Regex handling in deqp-runner has high memory overhead for dEQP
We are experiencing memory limit issues in the deqp-runner due to the improper handling of dots (.
) in the dEQP test case expectation files. Dots, which are typically used to separate subgroups, are being interpreted as regex wildcard characters, causing the underlying regex library to compile them unnecessarily. This results in memory overflows in some cases, especially as the size and number of files increase, leading to performance degradation.
Proposed Solutions:
-
Primary Fix (Implemented by !72 (merged)): Adjust the deqp-runner to treat lines that are not explicitly intended as regexes as fixed strings.
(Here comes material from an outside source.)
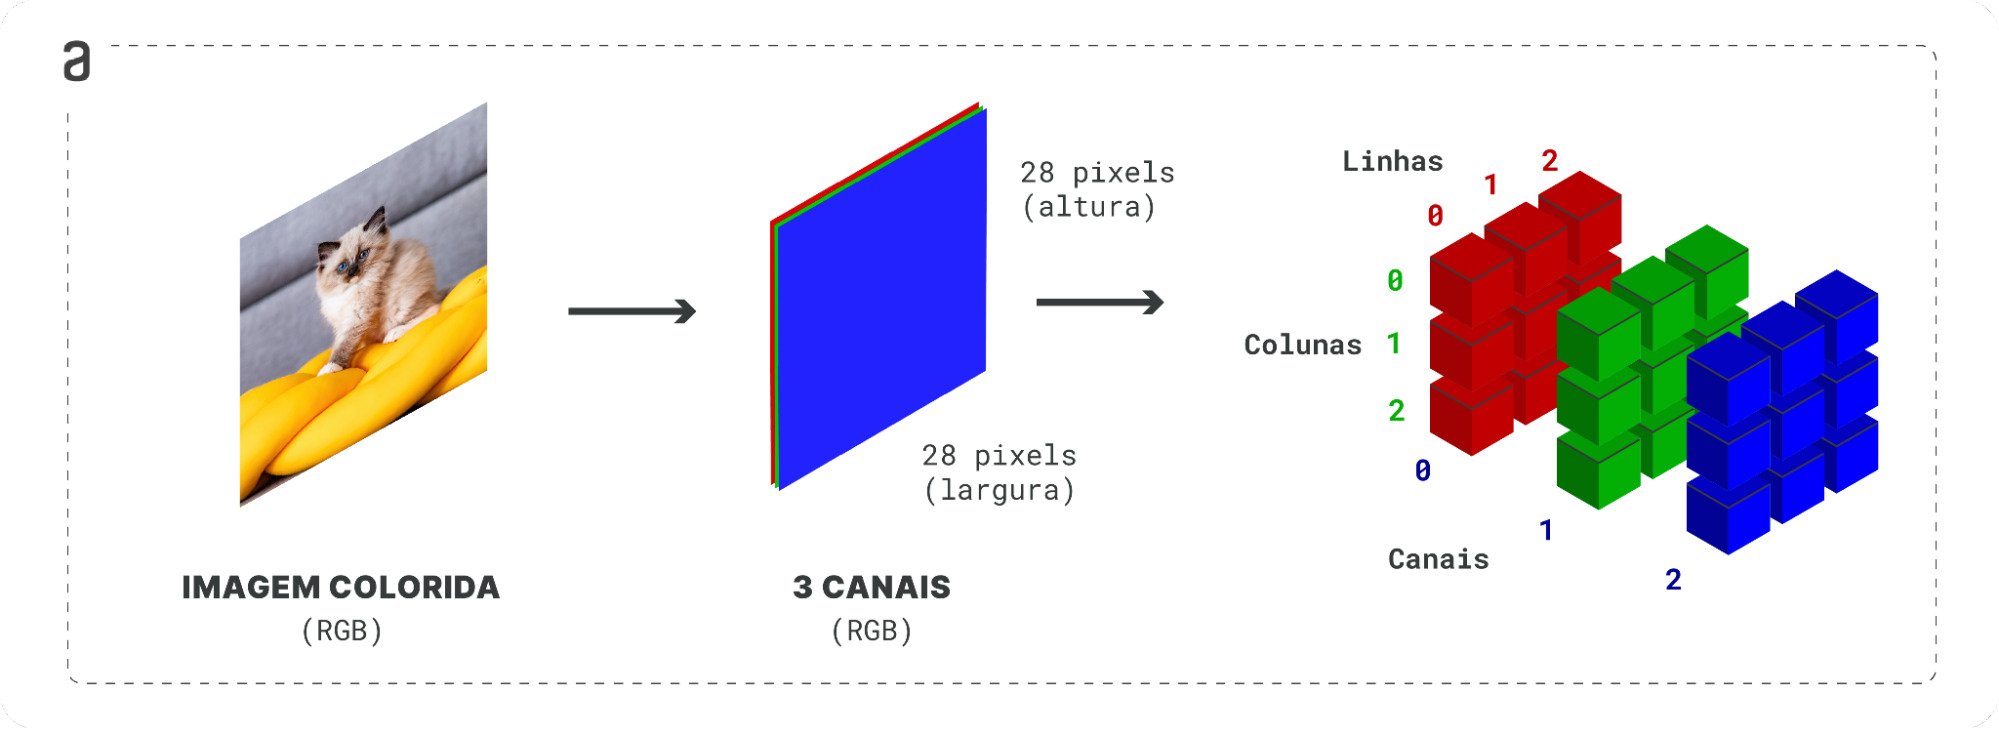 Três imagens em sequência com um fundo branco. A primeira imagem é a foto de um gato, representando uma imagem colorida RGB genérica. A segunda imagem representa a decomposição da primeira em três canais RGB. A terceira imagem detalha a decomposição RGB em três tabelas de dados, uma para cada canal.

This includes requiring all inputs to explicitly escape dots when they are meant to be interpreted as regex wildcards.
-
Secondary Option: Increase the memory limit using the
RegexSetBuilder
. However, as highlighted in the regex documentation, this approach might not be scalable due to potential exponential growth in the automata size.
These changes aim to ensure that our naming conventions for readability do not inadvertently affect performance or cause legitimate jobs to fail due to large expectation files.
Additional Context and References:
- This issue was first identified during a job execution, where the regex set exceeded the allowable memory size. The problematic interpretation of dots as regex characters has led to significant stability concerns.
- Reference to the problematic expectation file and job log:
Please review the adjustments proposed in this merge request and provide feedback or suggest further optimizations. This resolution is essential for maintaining the efficiency and reliability of our testing infrastructure.